Extrait de l'émission CPU release Ex0226 : L'adresse était trop longue.
Avec la popularisation d'internet et du web, l'URL est passée d'une information technique à un détail quasi insignifiant tous les jours. Et c'est cette apparente insignifiance qui a permis des abus, allant des commerçants jaloux de marques mieux placées qu'eux, à la contrefaçon, au vol de données jusqu'à l'espionnage économique ou étatique.
L'URL est une technologie ouverte à tous, sujette à de nombreux hacks, et hélas combinée avec l'exploitation psychologique, elle peut induire à des usages malicieux donc à des escroqueries. Entre le cybersquatting, le déchiffrement difficile pour un novice d'éléments techniques, les homoglyphes du punycode, les possibilités de piéger sont très nombreuses.
Vous avez peut-être compris pourquoi il n'est pas inutile de comprendre comment fonctionne une URL : parce que des personnes mal intentionnées vont utiliser cette connaissance contre vous.

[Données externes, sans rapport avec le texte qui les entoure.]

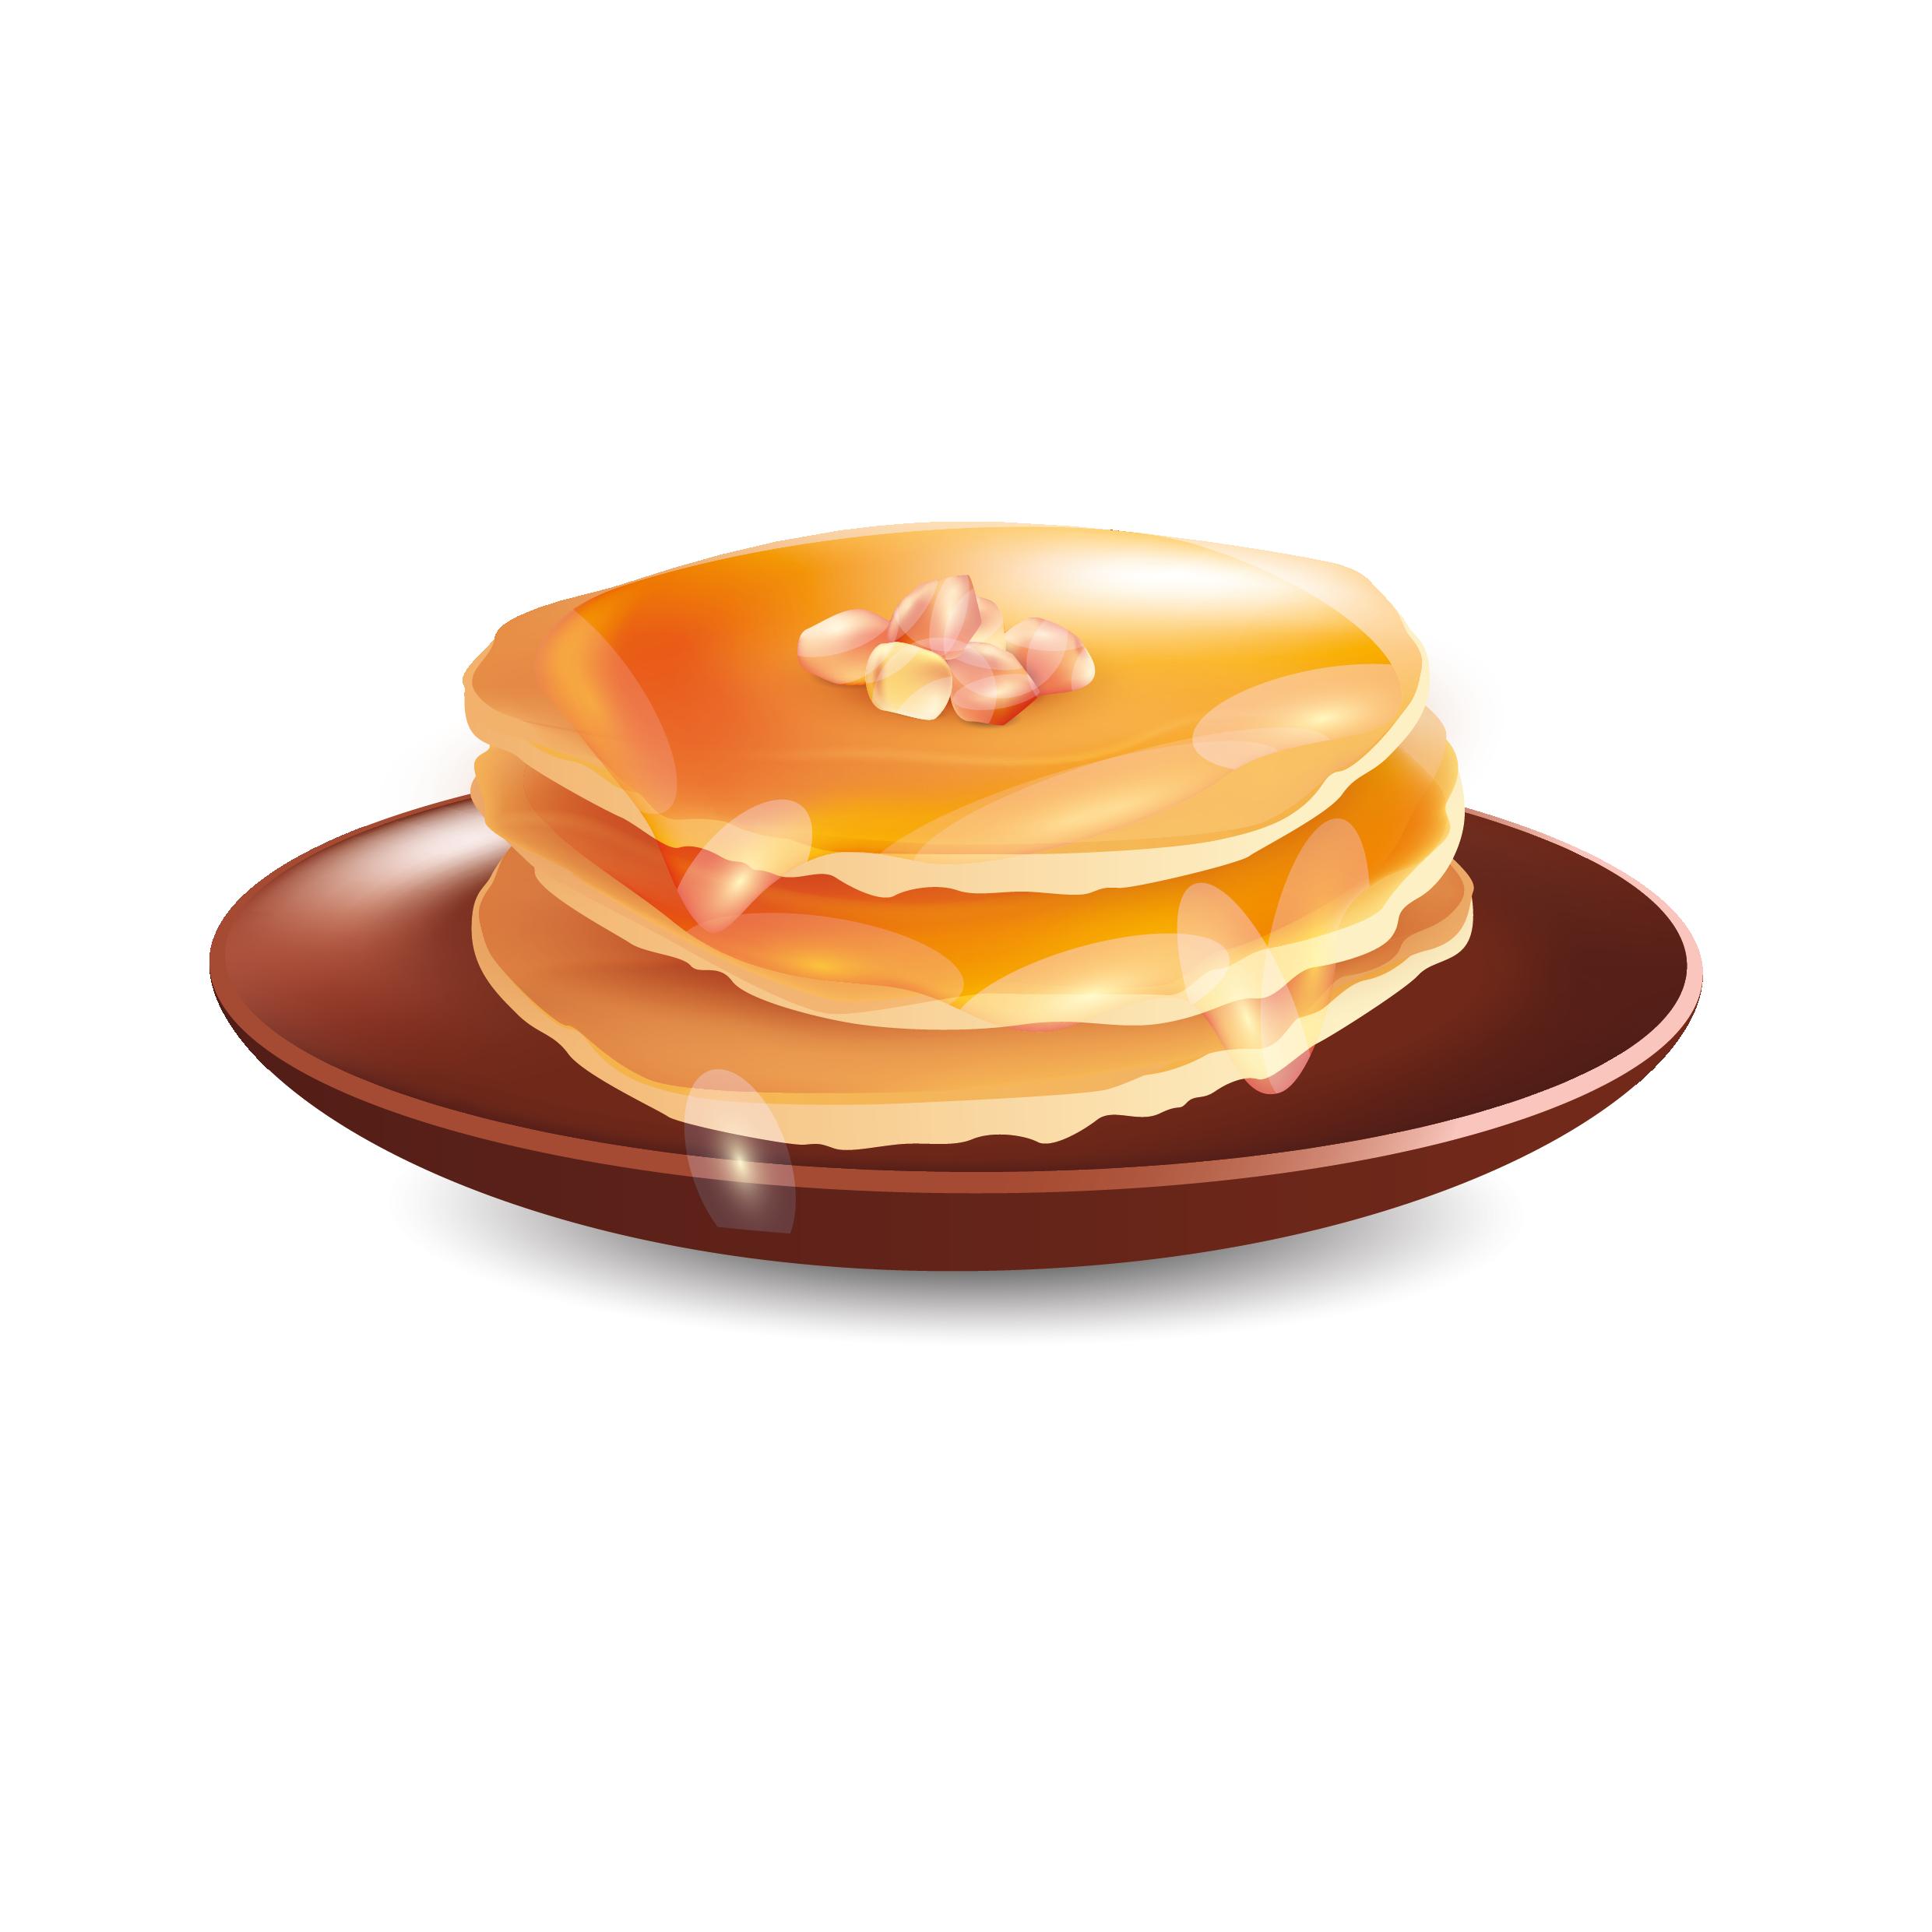 Pancake Miel/sirop érable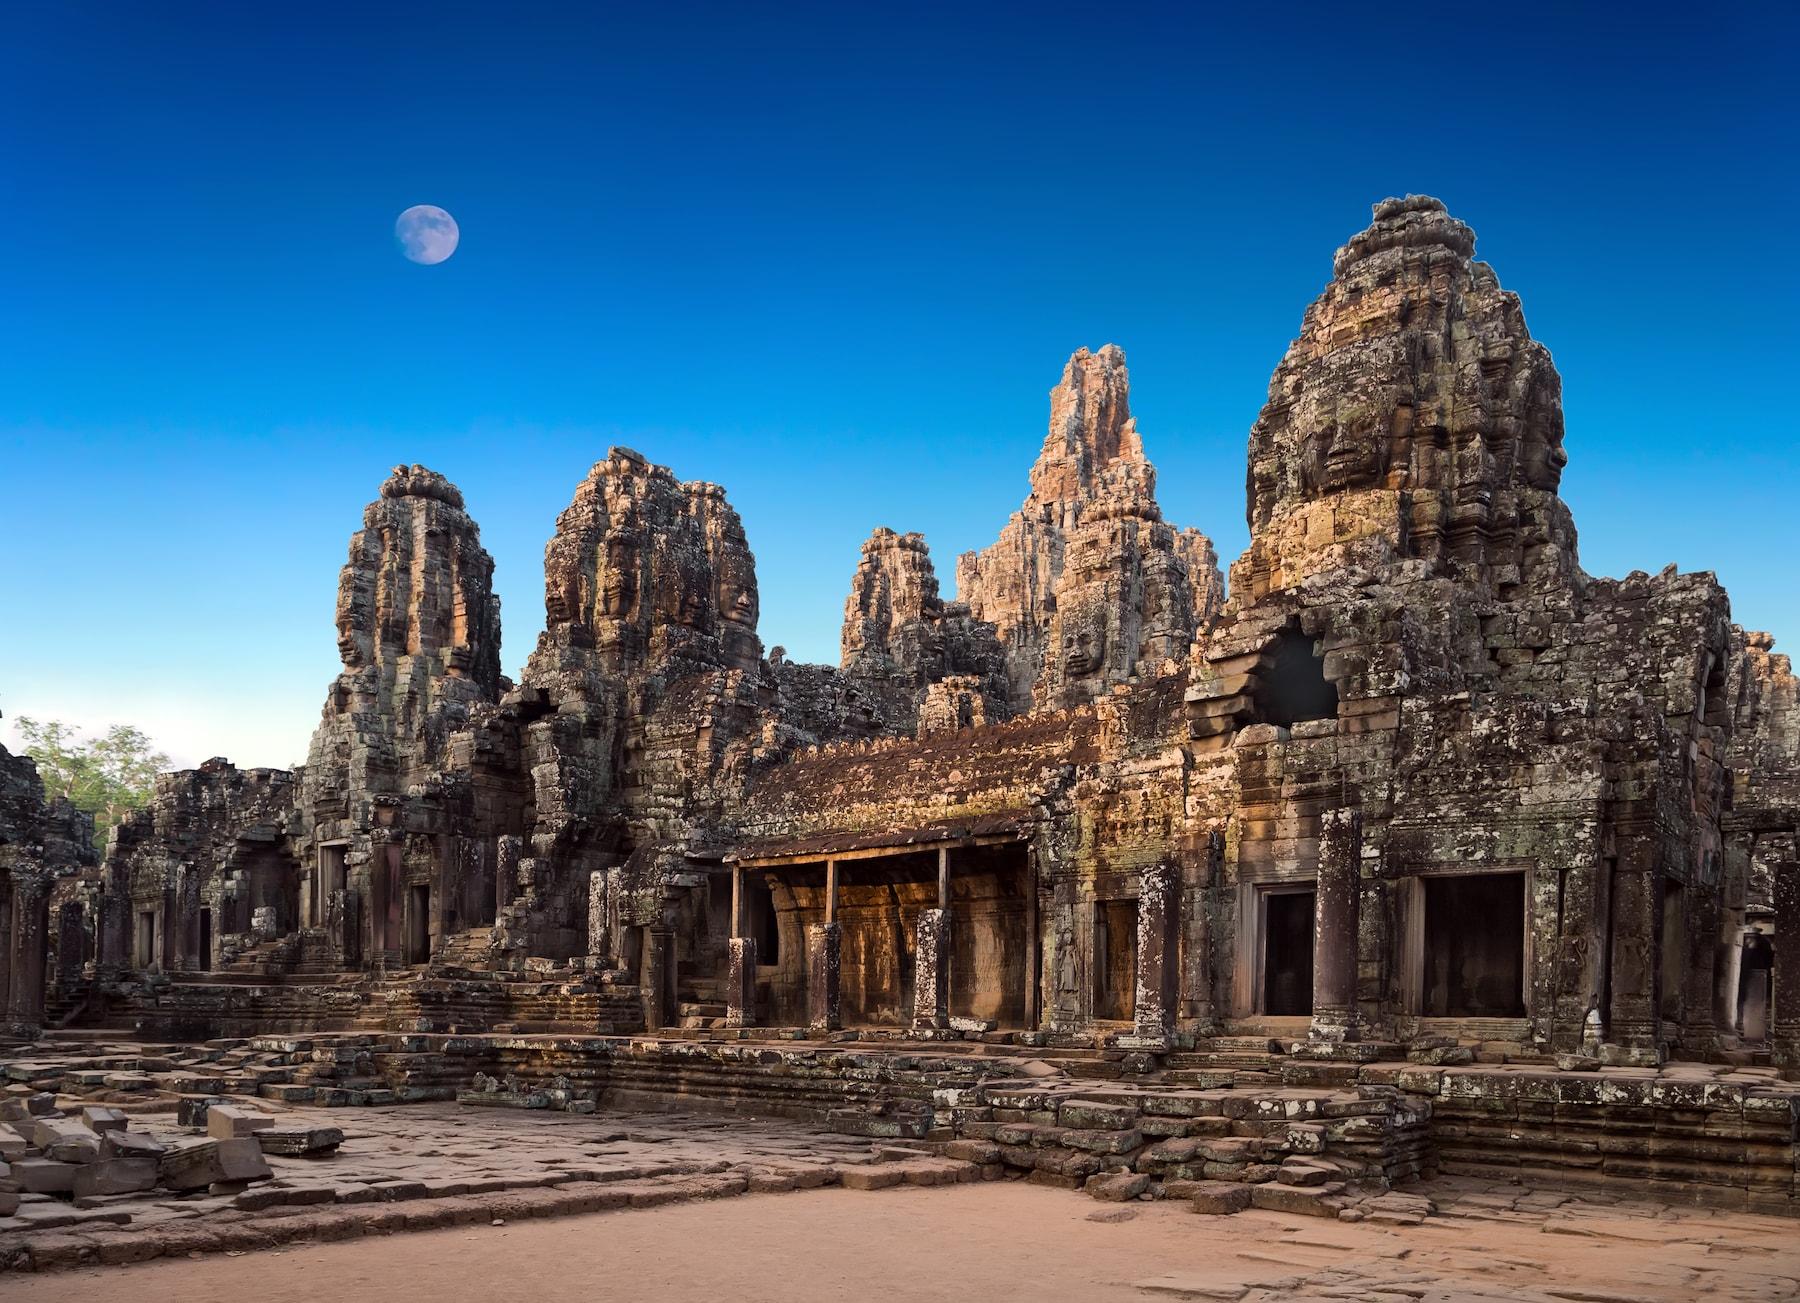 World's oldest cities: Angkor Wat

Les détournements d'URL pour arnaques profitent parfois de circonstances bien plus simples, et là aussi, on ne peut que regarder les utilisateurs d'un air navré… Et avoir de la compassion ! En toute honnêteté, nous devons reconnaître que parfois, on aurait pu se faire avoir, marcher dedans si nous n'avions pas fait plus attention. Et c'est là que connaître comment fonctionne chaque élément d'une URL permet de découvrir comment et pourquoi on peut se faire berner, d'où l'intérêt d'informer sur ce qu'est qu'une URL, son usage et ses astuces cachées.
Car si nous arrivons à faire découvrir à des personnes profanes quelques éléments techniques de l'URL, et à les leur faire comprendre, peut-être seront-elles suffisamment avisées pour ne pas retomber dans un piège qui peut sembler tellement grossier, pour nous les gens supposés avertis.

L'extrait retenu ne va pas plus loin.